3 Pranayama Breathing Techniques for When Your Mind Needs to Chill Out
We take a lot of things for granted, and breathing is one of them. Not only is it a basic human function, but taking a moment to really focus on your breath could help you during your most stressful or anxious moments (especially since we lead such hectic, go-go-go lives). Turns out, there’s research that backs this up. In 2017, scientists at Stanford University School of Medicine found that slowing down the breath could induce tranquility.
If you’ve ever been to a yoga class, you’ll know that breathing is a huge aspect of the practice—it helps bring oxygen to the body, allows us to concentrate better, and of course, calms us down. Likewise, if ever you’ve suffered a panic attack, you’ve most likely been told to breathe—and perhaps you’ve even practised some breathing techniques yourself. To shed some light on the soothing benefits of breathing, we called upon Joanna Baron, a Toronto-based kundalini instructor and breathwork facilitator.
Baron teaches two types of breathing: Pranayama and breathwork. “Pranayama is the basic yogic science of breathing, whereas breathwork is more ceremonial, and frankly, sometimes a psychedelic experience,” she says. Because the latter tends to be intense—its purpose is to bring you into a non-ordinary state-of-consciousness—Baron suggests practising it under the supervision of a teacher. On the contrary, pranayama is a technique that everyone should practise everyday. “It’s a simple way to lower your cortisol levels,” Baron says. “When you’re practising pranayama you’re essentially focusing on your breath, so your mind naturally stills.” Here, three pranayama techniques you can try out at home when your mind is going a mile a minute.

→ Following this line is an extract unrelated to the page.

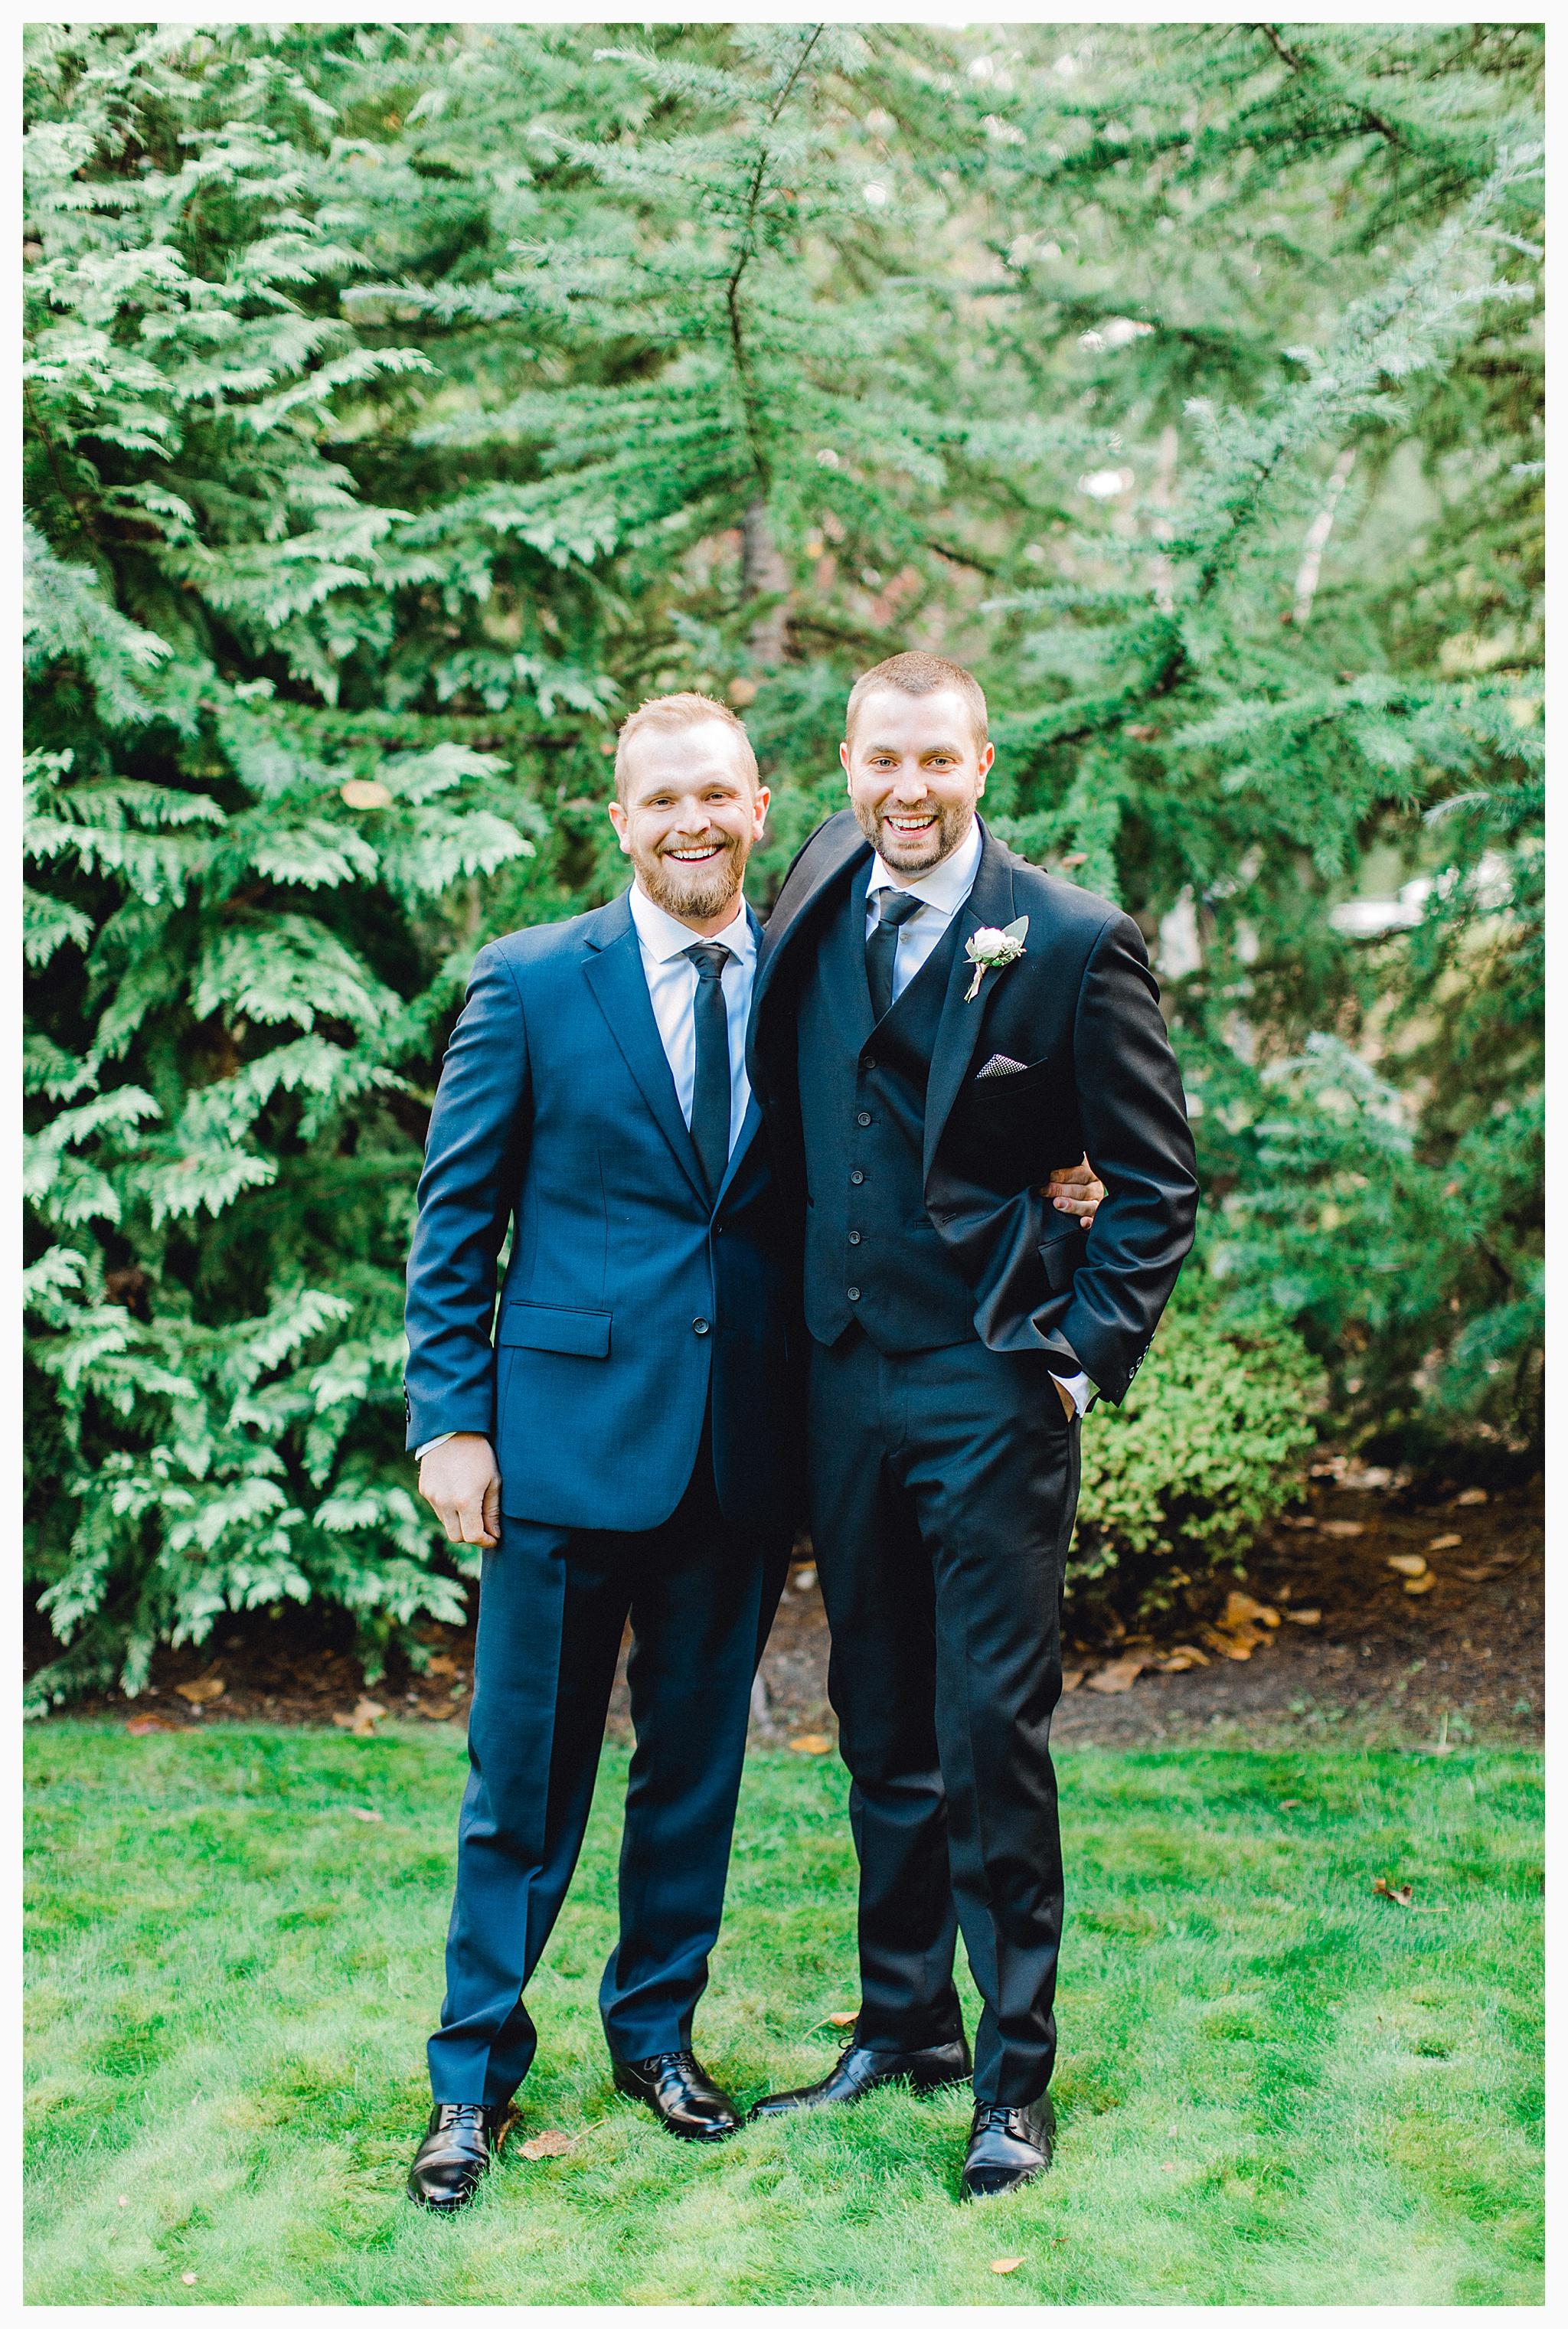 Emma Rose Company Light and Airy Wedding Photographer, Beautiful fall wedding at Rock Creek Gardens Venue in Puyallup, Washington._0047.jpg

One of the techniques that Baron finds extremely useful is Sitali Pranayam, also known as the Cooling Breath. “It’s my go-to if I’m feeling emotional or angry,” she says. Essentially, this exercise cools you down; it provides a sense of relaxation and helps relieve anxiety.
How to do it:
Start off by sitting in a comfortable position while maintaining good posture; make sure your spine is straight. Stick your tongue out slightly while forming a “U” shape. Inhale deeply through the opening of your tongue and exhale calmly through your nose—you should aim to continue this exercise for at least two to three minutes. This technique can be practised both in the morning and the evening.
Alternate Nostril Breathing
Nadi Shodhan, or Alternate Nostril Breathing, is said to restore balance in the mind. “It essentially purifies your energy channels,” says Baron, who adds that it has the ability to change your brain chemistry. “It’s a gentle exercise, but it’s underrated.” Alternate nostril breathing is also said to help improve focus and reduce stress.
How to do it:
Begin in a comfortable, seated position. Relax your left hand on your knee (or in your lap) while raising your right hand in front of your face. Take your thumb to cover your right nostril, and your ring finger to cover your left nostril. (You can keep your index and middle fingers rested on your forehead to keep your hand in place.) Close your right nostril and take a slow, deep breath through the left nostril. Then gently close both nostrils for a brief pause, before releasing the right nostril to exhale slowly. At the end of the exhale pause before inhaling through the right nostril. Pause at the height of the inhale closing both nostrils, then exhale through the left nostril slowly. Repeat this cycle five to 10 times, while maintaining the same length for each exhale and inhale.
Breath of Fire
The Kapalabhati Pranayama, also called the Breath of Fire, is a powerful technique that uses controlled breaths to cleanse the body and stimulate the mind. According to Baron, it “oxygenates the blood and stimulates the pituitary gland.” She recommends practising this technique for seven minutes in order to reap the full benefits. However, keep in mind that this is considered an intermediate to advanced exercise, so it’s best to begin with shorter sessions and work your way up. Also worth noting is that this technique is not recommended for women who are pregnant or menstruating, or those suffering from cardiac and spinal problems, diabetes or abdominal ulcers.
How to do it:
Start off in a seated position, sitting up tall and lengthening the area between your chest and navel. You’re going to want to keep your mouth closed for this exercise, breathing in and out only through your nose. Exhale while pulling your abdomen in, and then immediately inhale, filling up your belly with air while pushing it outward. The inhales and exhales should be short and equal in length. Begin performing this exercise for 30 seconds, then rest and take a few deep breaths to check in with yourself. Once you start gaining experience in this meditation, you could work your way up to doing three sets of 30 seconds with a pause and deep breaths in between each sets.